19 Jul, 2009, JohnnyStarr wrote in the 1st comment:
Votes: 0
In Rom 2.4, and i'm pretty sure other Dikurivatives, it uses calloc to allocate space for the db.
Now, i'm not sure that this is at all important, but i know that calloc allocates memory initialized to all bits 0.

Like i said, probably not too important for me at this point, but if someone knows why they used calloc instead of malloc
it might help broaden my understanding of the codebase. :smile:

thanks.
19 Jul, 2009, Tyche wrote in the 2nd comment:
Votes: 0
staryavsky said:
In Rom 2.4, and i'm pretty sure other Dikurivatives, it uses calloc to allocate space for the db.
Now, i'm not sure that this is at all important, but i know that calloc allocates memory initialized to all bits 0.

Like i said, probably not too important for me at this point, but if someone knows why they used calloc instead of malloc
it might help broaden my understanding of the codebase. :smile:

thanks.


Initializing is probably one reason, but the following might broaden your understanding more:
http://sourcery.dyndns.org/wiki.cgi?RomM...
19 Jul, 2009, Davion wrote in the 3rd comment:
Votes: 0
The entire reason to use calloc instead of malloc is so that it's initialized as zero.
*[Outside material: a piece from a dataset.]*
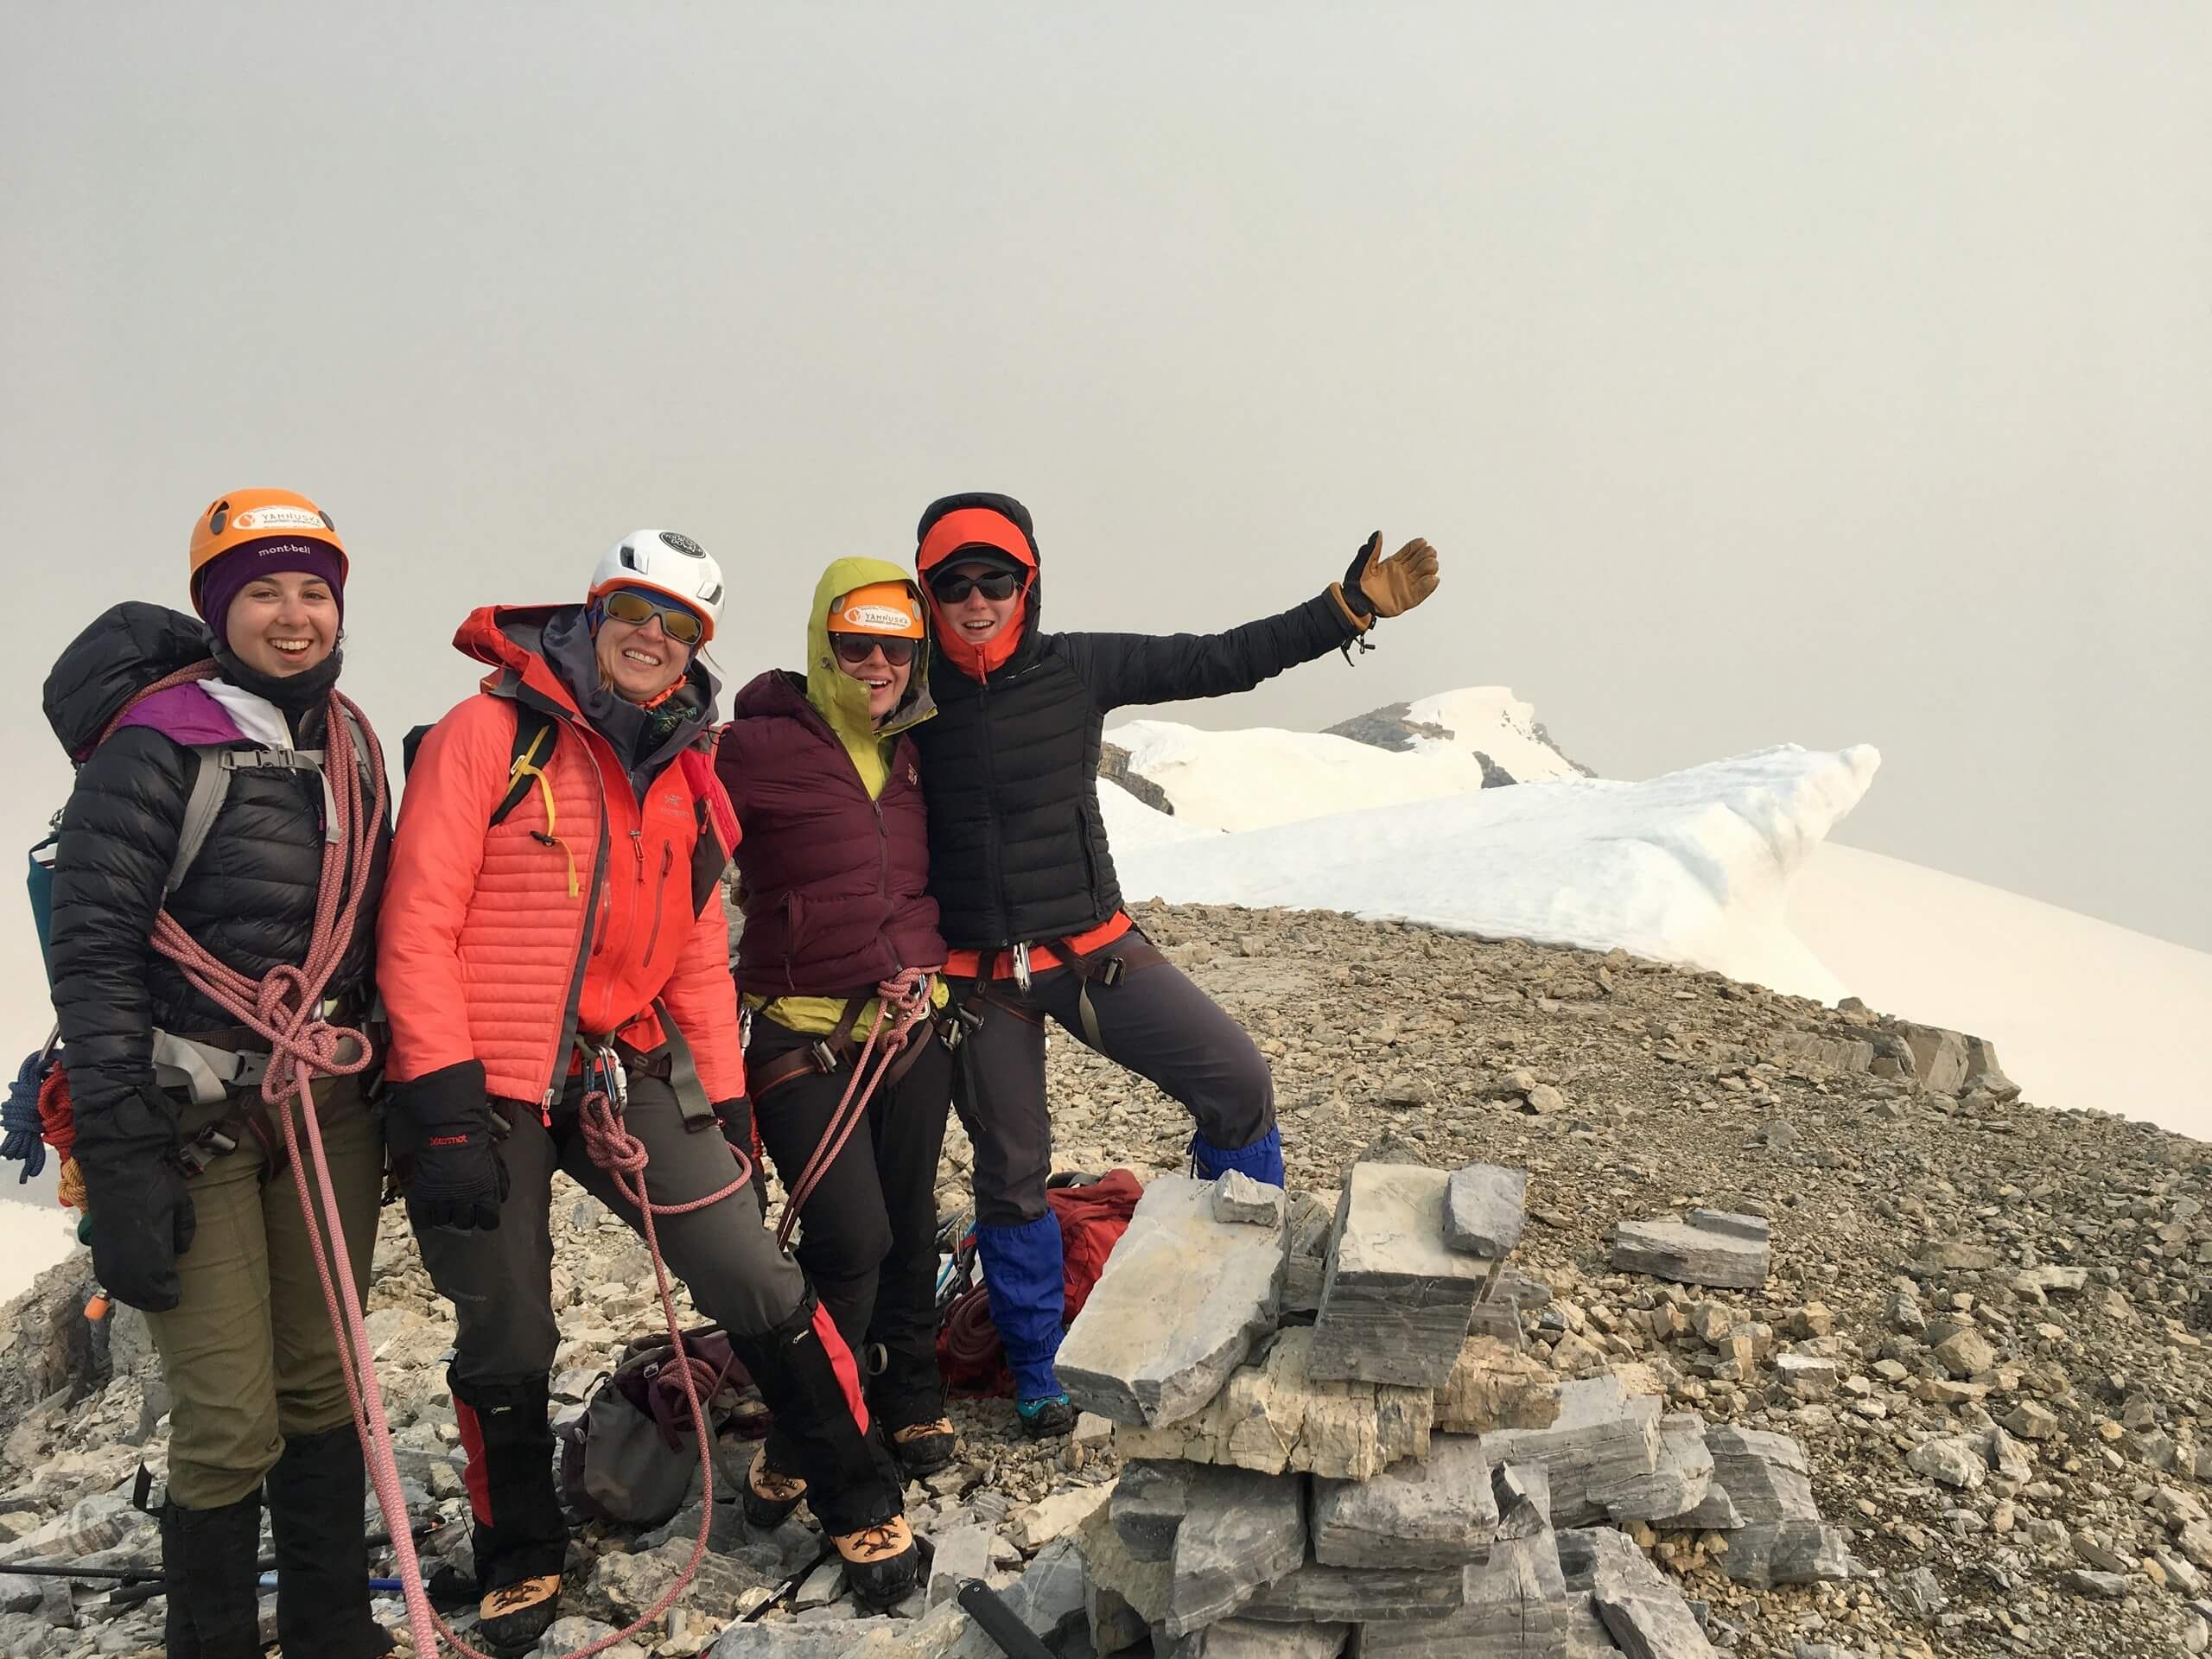 Four ladies on a mountain climing tour
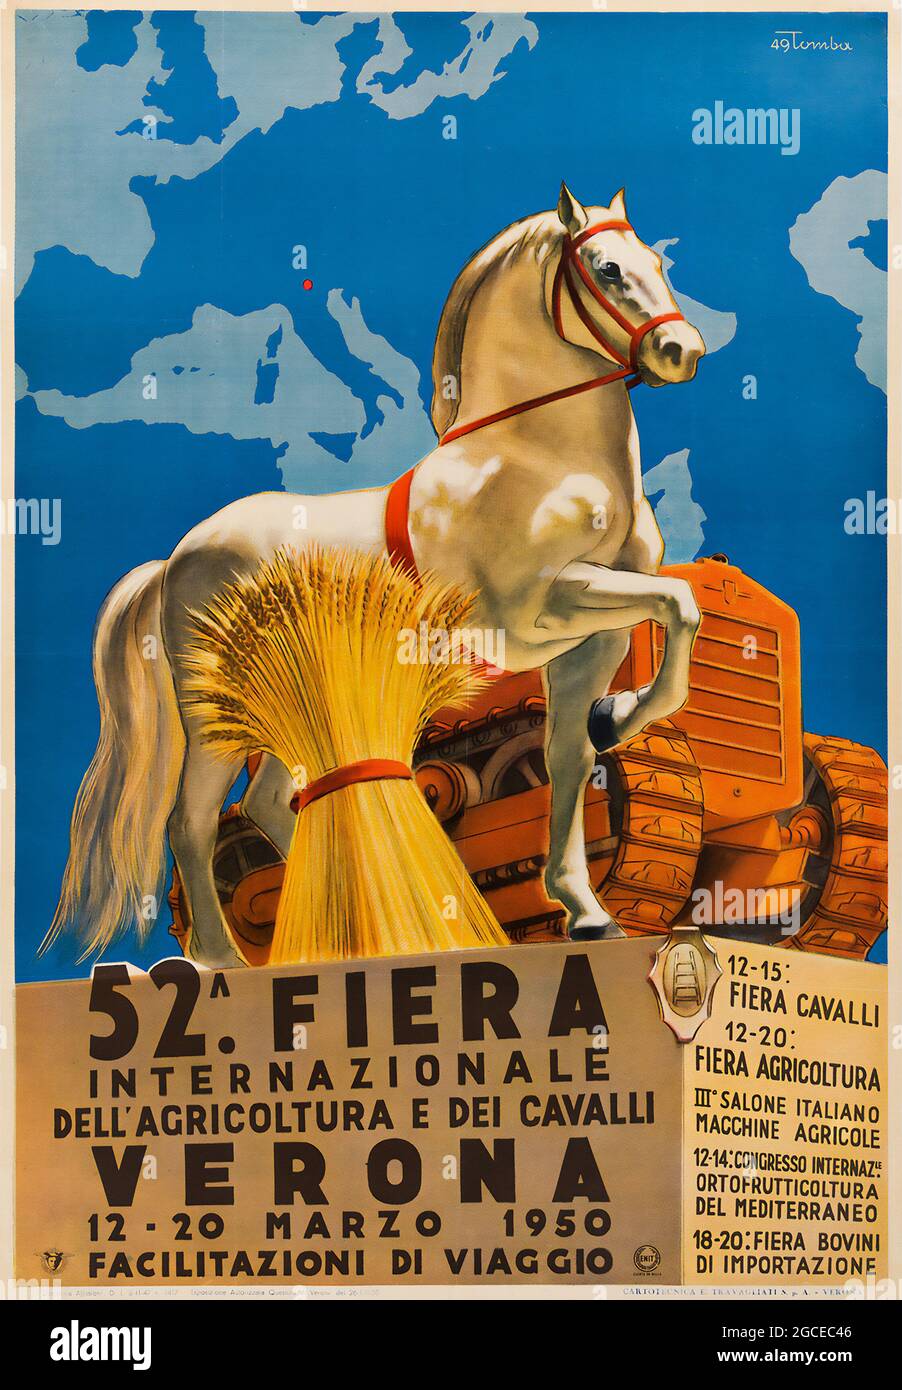 Poster italiano vintage. 52. Fiera. Internazionale dell'Agricoltura e dei cavalli. Verona. 12-20 Marzo 1950. Foto Stock

I'd say it was for syntax reasons (eg. calloc(2, sizeof(stuff) ) vs, malloc( 2 * sizeof(stuff) ) ) but really, there's very little difference.
20 Jul, 2009, David Haley wrote in the 4th comment:
Votes: 0
Sometimes you want things set to zero, so using calloc is an efficient way of doing that; other times you don't care as you will initialize it yourself, so you just use malloc.